Lamb likes to put on "big flashmobby type things," he said. "When I decided to ask Amy to marry me, I wanted something she wouldn't forget."
This is what happens when you date an actor.
"I was completely floored," Frankel, 33, said. "We had talked about wanting to get married, but I never would have expected that in a million years."
Lamb surprised Frankel with a growing street party of singing, dancing, arm-waving friends and family. "I knew there was very little chance to do this without her knowing what was going on," he said. "My goal was just to get her to the house." His brother took over, asking her to sit in the car and listen to a song.
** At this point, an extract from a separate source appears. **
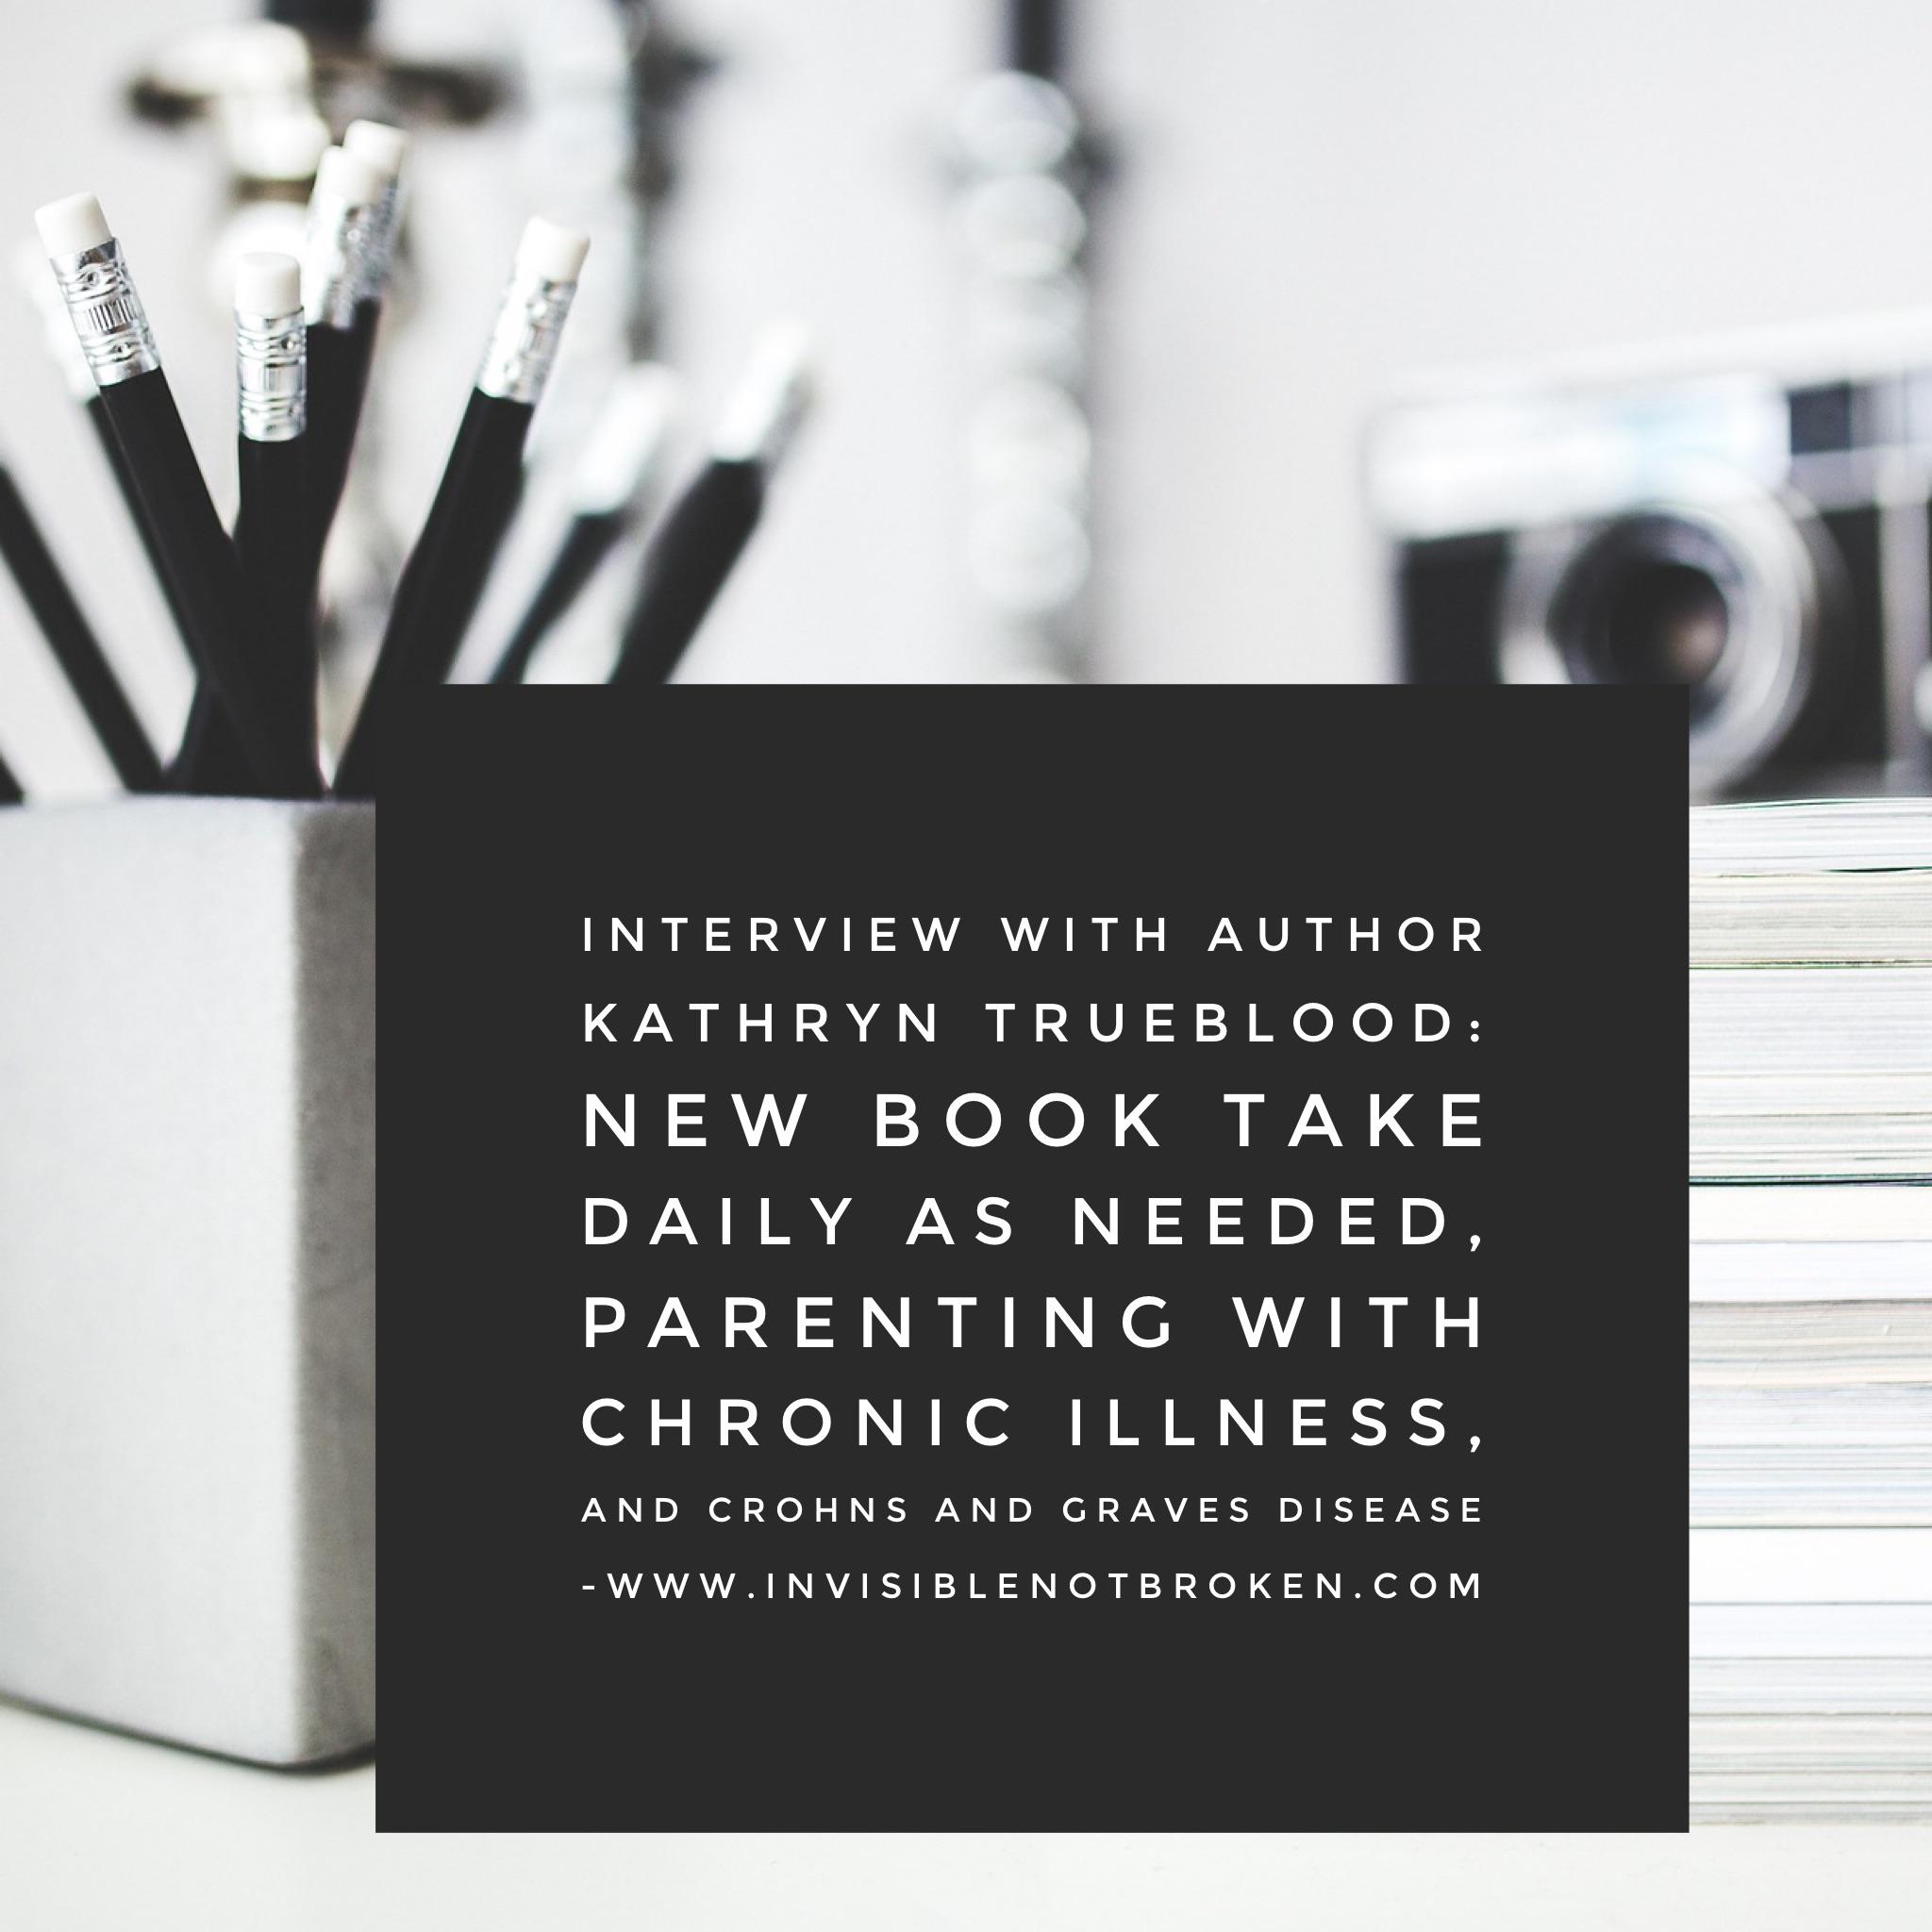 Kathryn-trueblood-Take-Daily-As-Needed-Interview-Chronic-Illness-Podcast-Invisibel-Not-Broken-Graves-Disease-Crohns-Disease-.jpg

As Frankel dutifully sat there, the car began to move. Two of their friends appeared and she thought, "How sweet, they're going to do a show for me." The car drove slowly up the street and more people appeared, including Lamb's parents. When she heard the words of the song, "Marry You," a candy-sweet tune by Grammy winner Bruno Mars, she knew what was up.
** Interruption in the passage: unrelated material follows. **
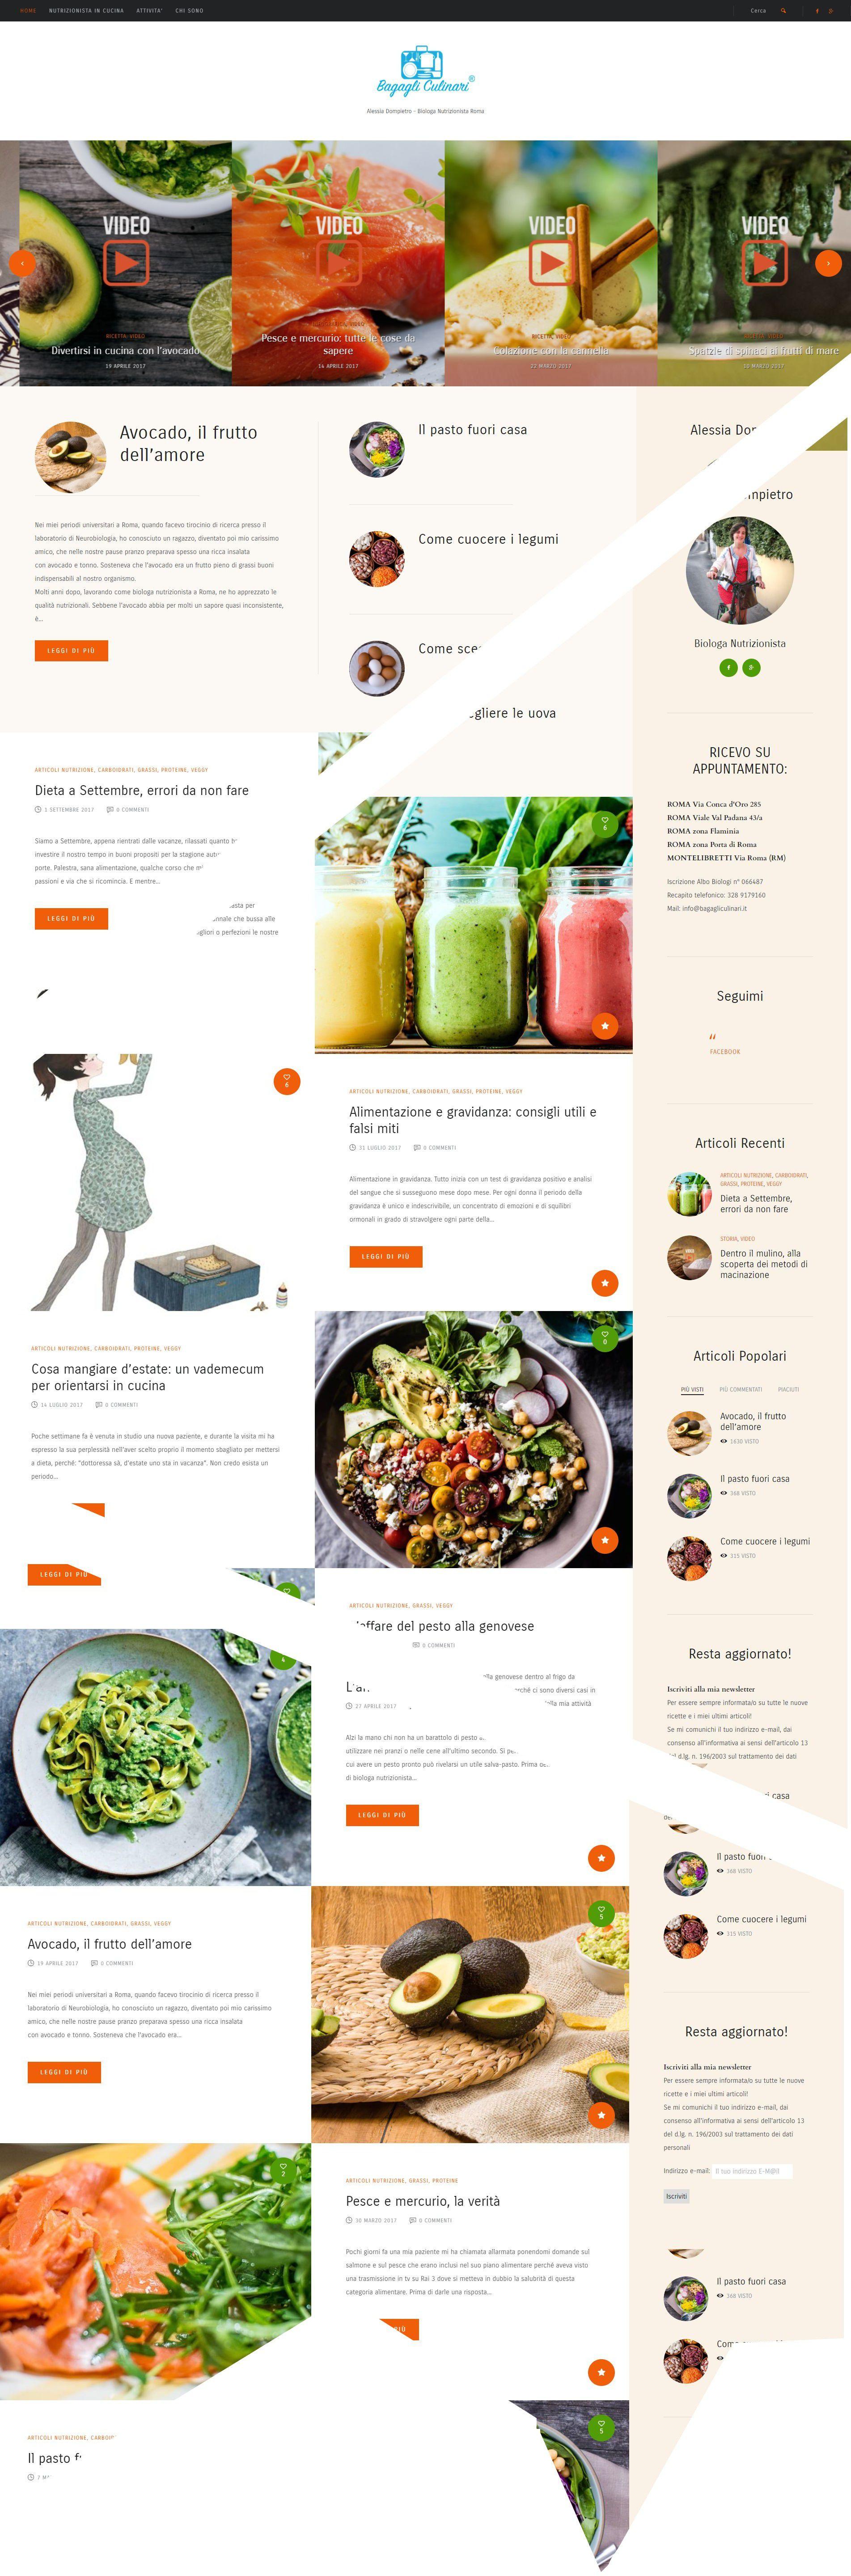 bagagli-culinari-1_compressed

By the end of the show, 60 people were dancing in the street. They parted and there was Lamb, handsomely suited, who got down on bended knee.
Throughout the six-minute video, a camera shows Frankel's reaction, laughing, hugging herself, all but falling out of the car.
Did he have any doubts she'd say yes?
"Not a one. This whole production was a good insurance policy."
They met six years ago at an audition for "West Side Story" at Portland Center Stage, soon after Frankel moved to Portland from New York City. She got the part, he didn't. Lamb studied film production at Loyola Marymount University and for several years, starred in "Defending the Caveman," a one-man show about the differences between men and women. Frankel is a former Broadway dancer and has choreographed several shows in Portland, including Portland Opera's recent "Candide." They're both company members at Portland's Third Rail Repertory Theatre.
They plan to marry in a year.
"One of reasons I love him, he's such a fun-loving guy," she said. "He has such a big heart. He loves celebrating life and the friendships that we have. Our lives are going to be like this."
But, she worried, "How am I going to top that?"